Entries supplied:
* * * * * * *
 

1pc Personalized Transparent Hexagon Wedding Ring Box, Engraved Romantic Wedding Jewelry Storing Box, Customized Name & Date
* * * * * * *
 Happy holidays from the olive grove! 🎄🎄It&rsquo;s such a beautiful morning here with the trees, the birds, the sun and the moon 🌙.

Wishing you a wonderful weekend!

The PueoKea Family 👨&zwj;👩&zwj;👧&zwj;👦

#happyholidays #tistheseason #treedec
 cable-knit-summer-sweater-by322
* * * * * * *
Directions:
Looking at the entries above, can you reproduce exactly the lines from the one that holds "#happyholidays #tistheseason #treedec" through the one that holds "cable-knit-summer-sweater-by322", and only those?

Task output:
#happyholidays #tistheseason #treedec
 cable-knit-summer-sweater-by322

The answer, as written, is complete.